The V4 returned after the war with the 1953 Appia. It featured an even narrower 10° cylinder bank and just 1090 cc of displacement, fitting below Italy's 1.1-liter tax threshold. An initial 38 PS of power grew to 43 PS in 1956. 48 PS was available in 1959.

==Fulvia==
Lancia's final V4 series were used in the Fulvia, remaining in production up until 1976. Designed by Ettore Zaccone Mina, it used a narrow angle (13°) and was mounted well forward at a 45° angle. The engine was a true DOHC design with one camshaft operating all intake valves and another operating all exhaust valves.

Displacement began at just 1091 cc with 59 PS with a 72x67 mm bore and stroke. A higher (9.0:1) compression ratio raised power to 71 PS soon after.

The engine was bored to 76 mm to enlarge engine displacement to 1216 cc for the Coupé model.
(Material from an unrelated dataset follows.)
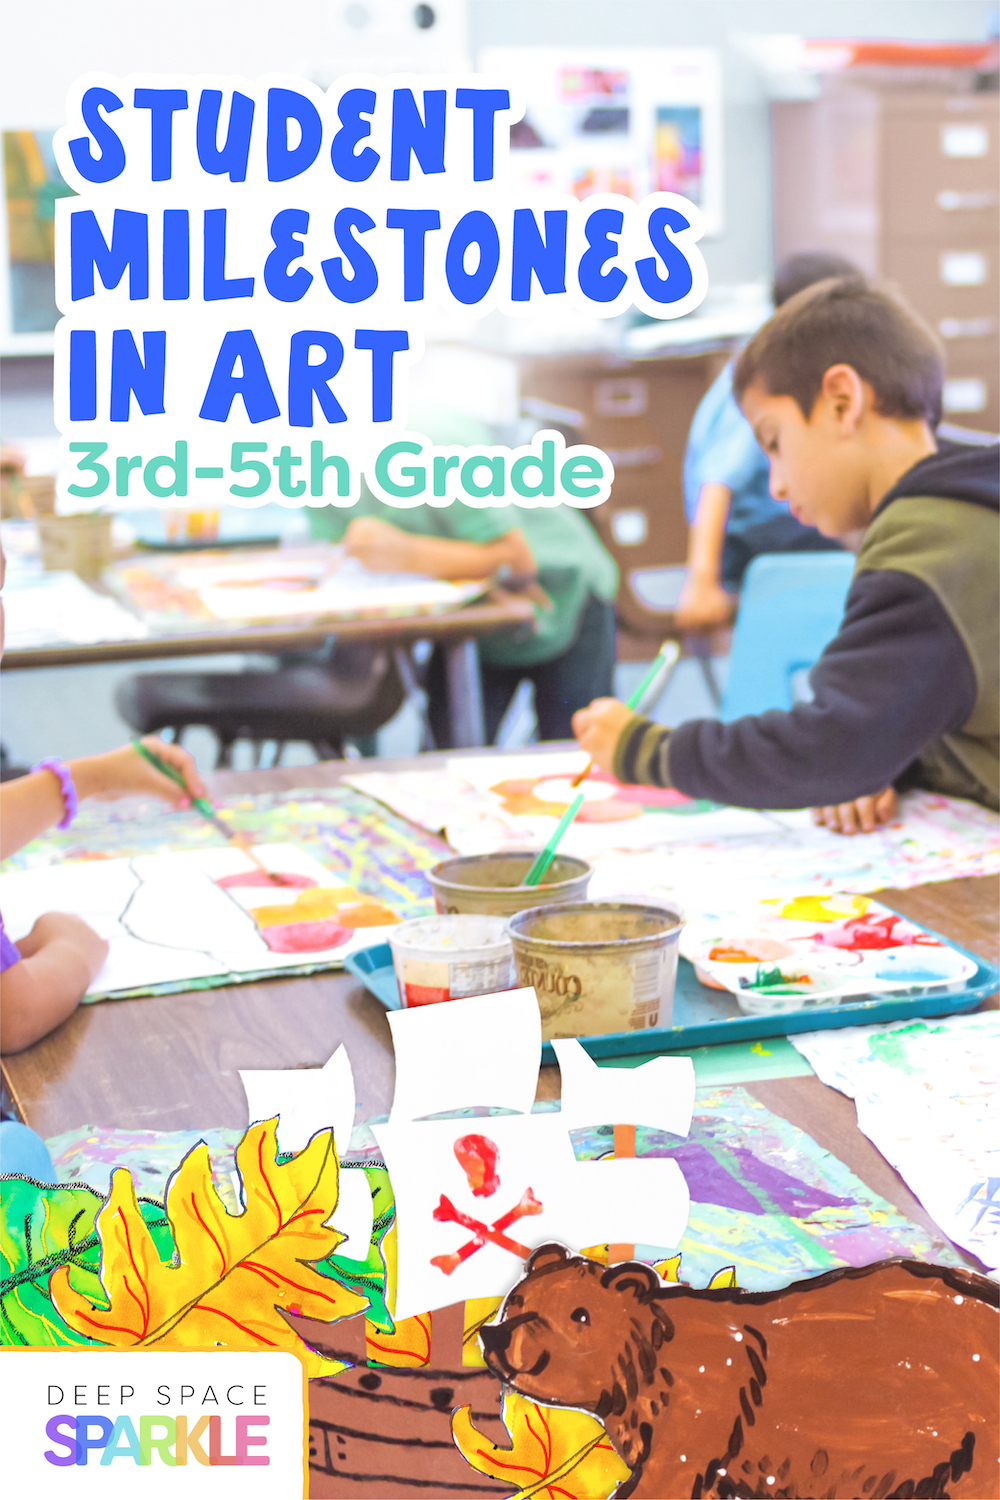 Student Milestones in art for 3rd, 4th and 5th grade students expectations in the art room.

This, and some tuning, raised output to 80 PS, further enhanced up to 88 PS for the HF model.

The engine was re-engineered with a slightly narrower bank angle and longer 69.7 mm stroke for 1967. Three displacements were produced: 1199 cc 74 mm bore, 1231 cc 75 mm bore, and 1298 cc 77 mm bore. The latter engine is most common, with the first unit only sold in Greece. Three levels of performance were available: 87 PS for common 1.3 Liter (commonly imported in USA and described as "highly tuned" by Road & Track at the time); 90 PS for its 1.3s evolution and 101 PS for the Rallye HF.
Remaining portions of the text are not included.